En su hora más sombría tras cinco años en el gobierno de Bolivia, Evo Morales debería aceptar el reto planteado por la oposición sobre la posibilidad de realizar un "gran debate nacional" en el cual no haya exclusiones de ningún tipo.
La lucha contra la exclusión es un fenómeno del cual hizo su bandera el oficialista Movimiento al Socialismo (MAS). Curiosamente, con ella se ha validado en desmedro de sectores políticos que, con mayor predicamento en las llanuras de Santa Cruz de la Sierra que en las alturas de La Paz, se han visto desplazados desde 2006.
En este quinto aniversario de gobierno, con un escaso 36 por ciento de adhesión popular a raíz de las ideas y venidas del aumento del combustible, Morales cumplió el primer año de su segundo mandato, que concluirá en enero de 2015, con la renuncia colectiva de sus ministros, de los cuales mantuvo 17 de los 20. Ese acto formal, una forma de permitirle ajustar su gabinete, dejó en evidencia que era el momento para hacer un ajuste o un replanteo de la situación, conmovida desde comienzos de este año por saqueos y otros actos improcedentes como consecuencia de la carestía de vida.
Alentó ese tipo de actitudes hostiles el alza de los precios de los combustibles, conocido como "gasolinazo", del cual el gobierno después se retractó. Los titubeos tienen un alto costo en política: Morales fue elegido en 2006 con un 54 por ciento de los votos, resultó reelegido en 2009 con un 64 por ciento y, tras el draconiano aumento de los combustibles, cayó en picada a menos del 40 por ciento. Tras cinco días de zozobra, se vio forzado a anular la medida frente a un panorama desolador de protestas populares, escasez de alimentos y fuertes aumentos de precios.
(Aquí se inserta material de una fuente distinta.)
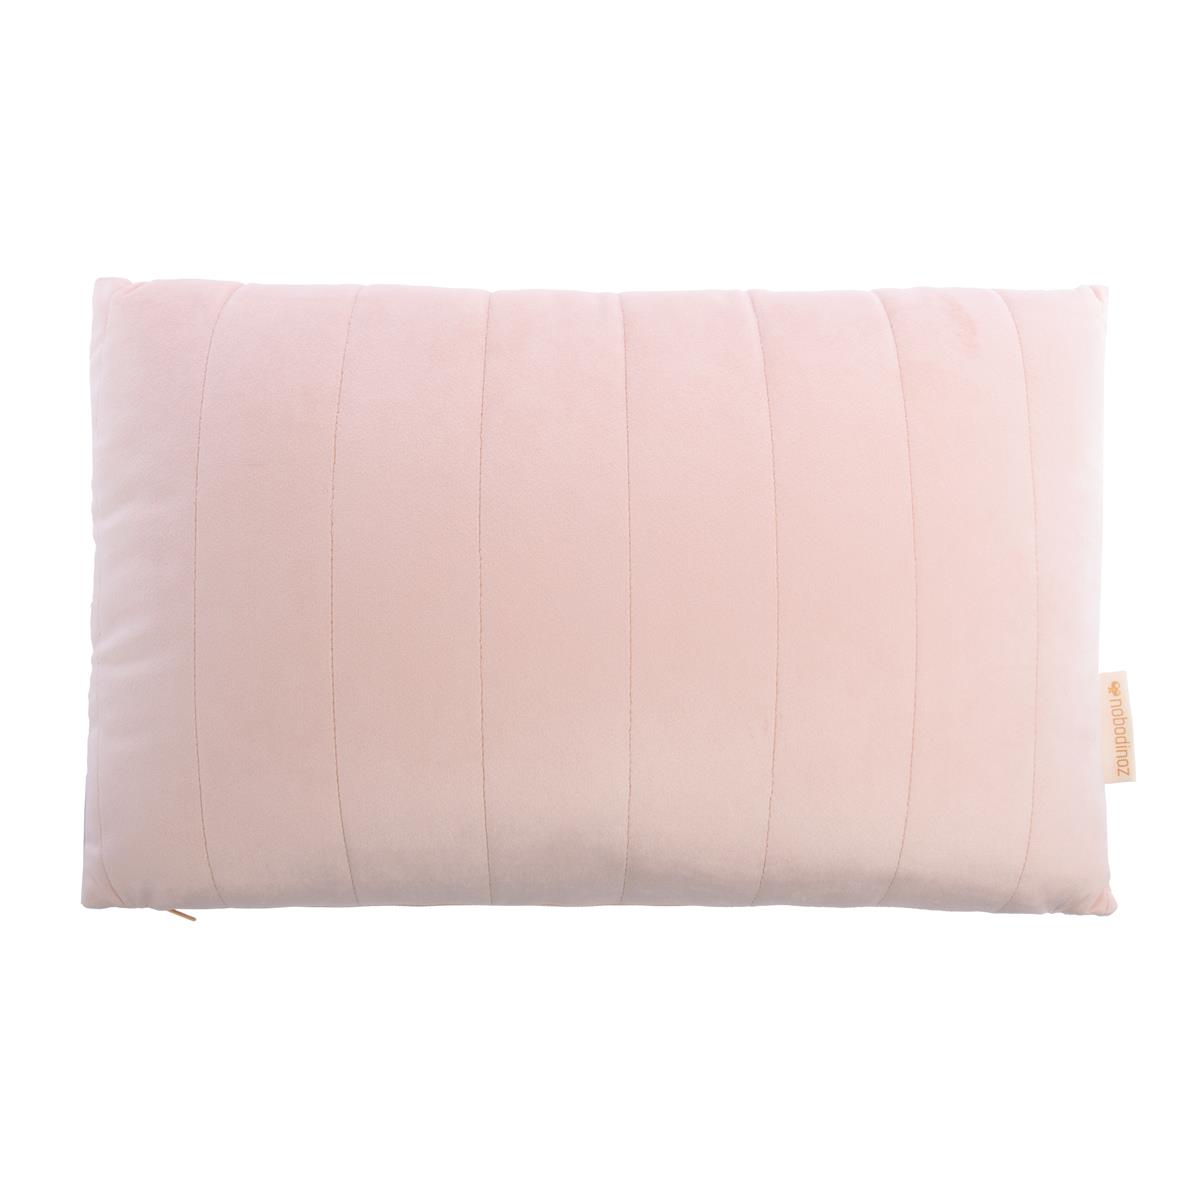 Savanna-akamba-velvet-cushion-bloom-pink-nobodinoz-€29.95

En estos años, Morales ha impulsado reformas económicas y sociales y ha ampliado la participación democrática con la incorporación de sectores marginados como los indígenas en la vida institucional de Bolivia, pero, a su vez, su partido comenzó a interferir más en los poderes Legislativo y Judicial; las gobernaciones, y las alcaldías. En algunos casos, el exceso de poder llevó a concluir que se trata de una escalada autoritaria similar a la orquestada en Venezuela por su principal sostén regional, Hugo Chávez.
Es evidente que Morales no atraviesa el mejor momento de su presidencia. Le resultó muy duro admitir que Paraguay le otorgó protección al defenestrado gobernador del departamento de Tarija, Mario Cossío, acusado de evadir un juicio por presunta corrupción; había entregado un audio y un video como pruebas del complot que el MAS preparaba para derrocarlo. Brasil, por su parte, ha otorgado asilo a Luis Hernando Tapia Pachi, juez de Santa Cruz, y a otras dos personas. Los tres están vinculados con la investigación del polémico caso Rózsa, presunta conspiración para acabar con la vida de Morales.
En los últimos días, acaso como una forma de remontar el vuelo desde otro escenario, Morales comenzó a presionar a Chile para que este año resuelva su centenaria demanda de una salida soberana al océano Pacífico. El gobierno de Sebastián Piñera tomó la posta de las discusiones de sus antecesores y, en principio, sólo estaría dispuesto a concederle facilidades comerciales portuarias.
Ambos países sólo mantienen relaciones consulares. De fracasar el diálogo por la salida al Pacífico, Bolivia ha revelado su intención de llevar a Chile ante la Corte Internacional de Justicia (CIJ), de la Haya, donde la Argentina y Uruguay resolvieron su diferendo por las pasteras.
En este contexto, con frentes abiertos tanto en Bolivia como en el exterior, lo más prudente debería ser avenirse al debate que plantea la oposición sin reparar en la cantidad de votos o, incluso, en la representación parlamentaria.
En estos cinco años, Morales procuró avanzar con reivindicaciones largamente postergadas. Gobernó para la coyuntura. Bien haría ahora en hacerlo para la posteridad y, sobre todo, para la unidad frente a la posibilidad, siempre latente, de una secesión a causa de la exclusión.